*Work to complete:* Apart from the pictures, every line below is to be set down exactly.

*Supplied information:*

§

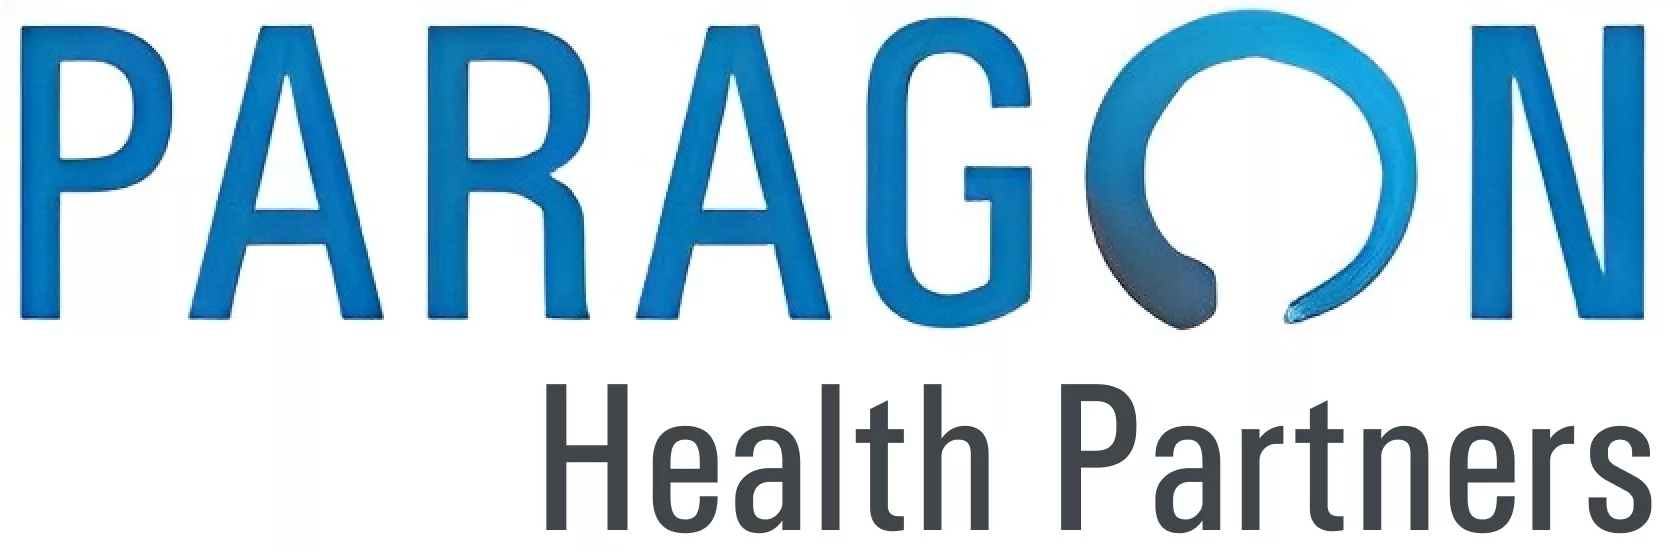 Paragon Health Partners - Weight Loss, Addiction & Pain Management
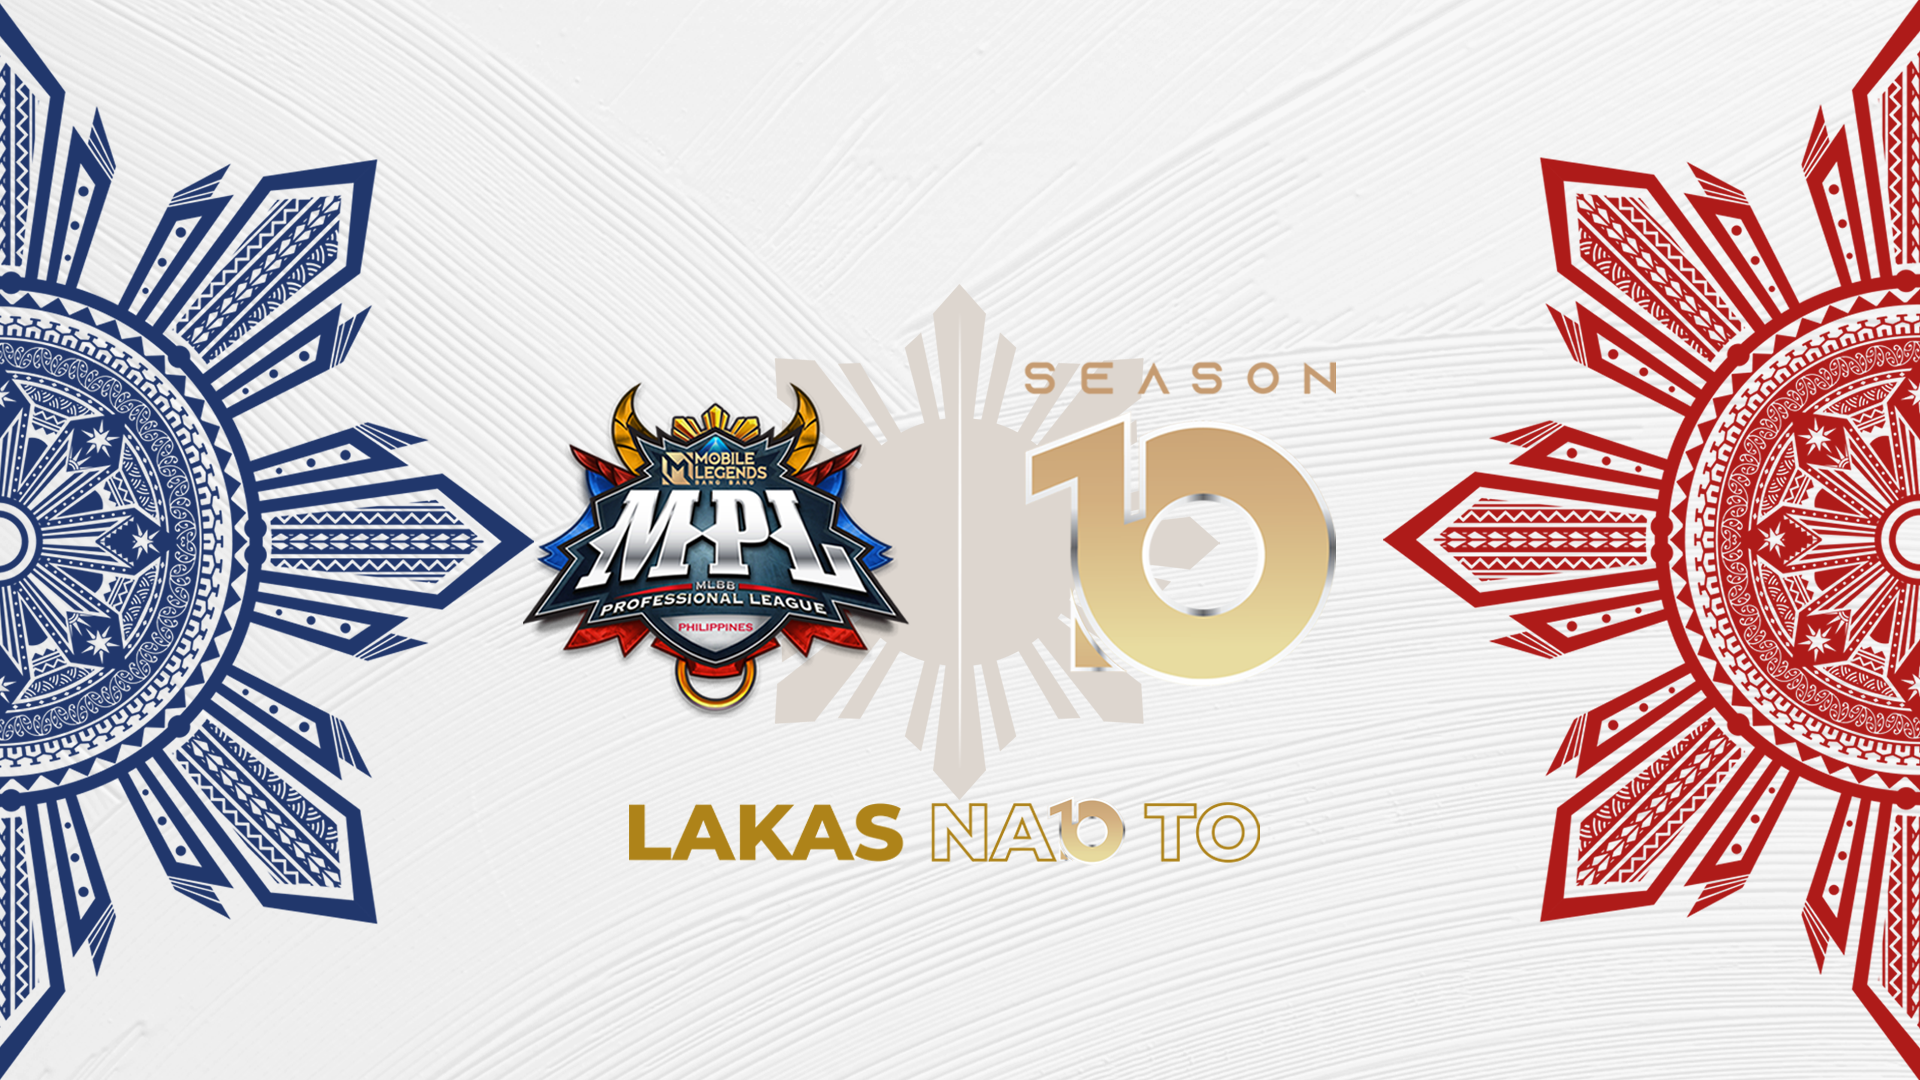 MPL Philippines returns with LAKAS NA10 TO on 12 August for Season 10!
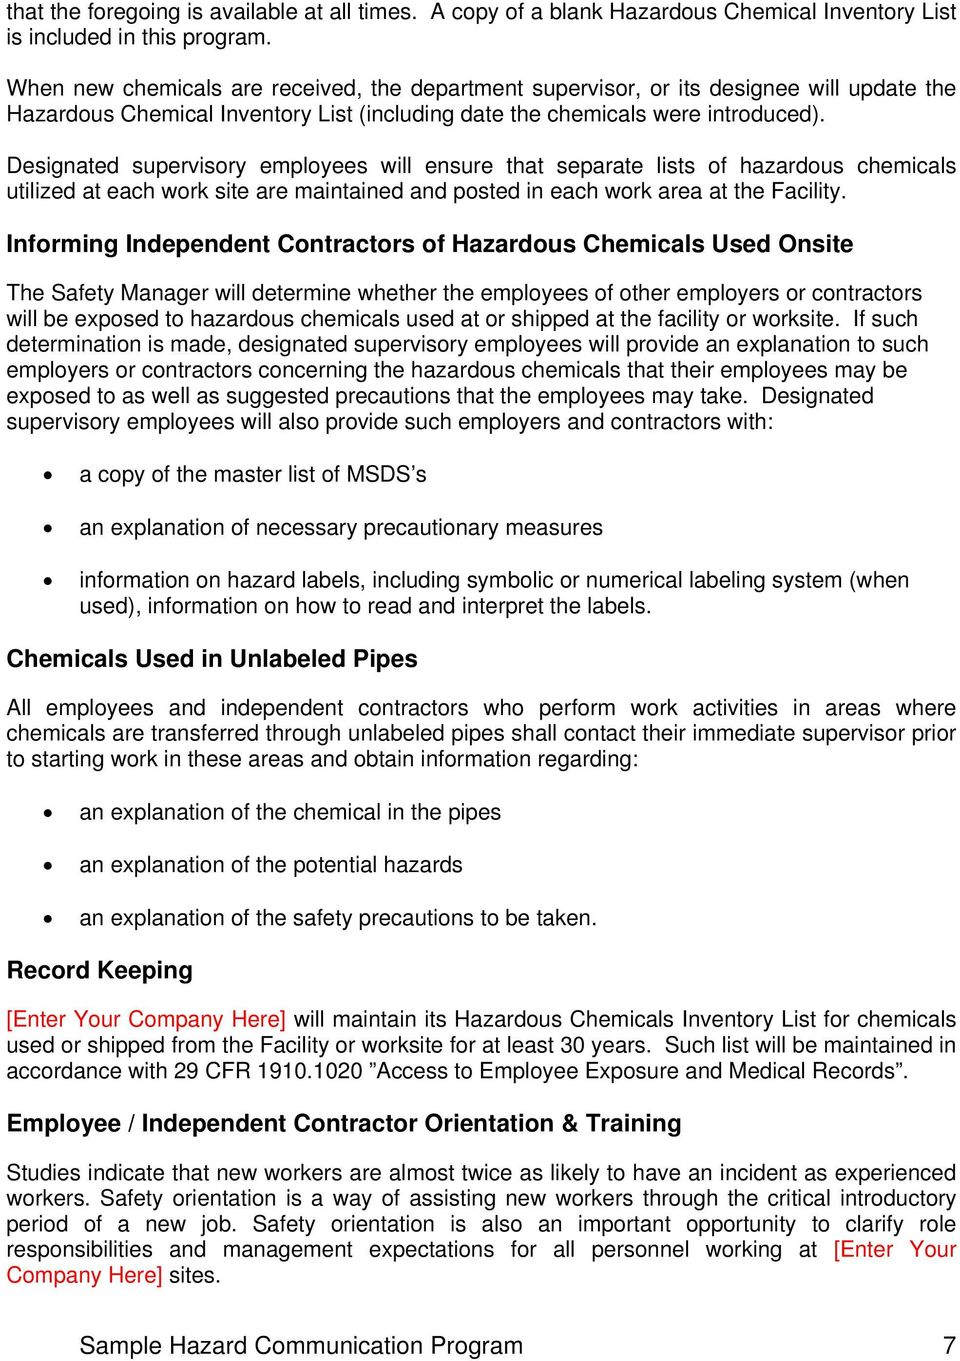 Designated supervisory employees will ensure that separate lists of hazardous chemicals utilized at each work site are maintained and posted in each work area at the Facility.

§

*Reply:*
 Paragon Health Partners - Weight Loss, Addiction & Pain Management
 MPL Philippines returns with LAKAS NA10 TO on 12 August for Season 10!
 Designated supervisory employees will ensure that separate lists of hazardous chemicals utilized at each work site are maintained and posted in each work area at the Facility.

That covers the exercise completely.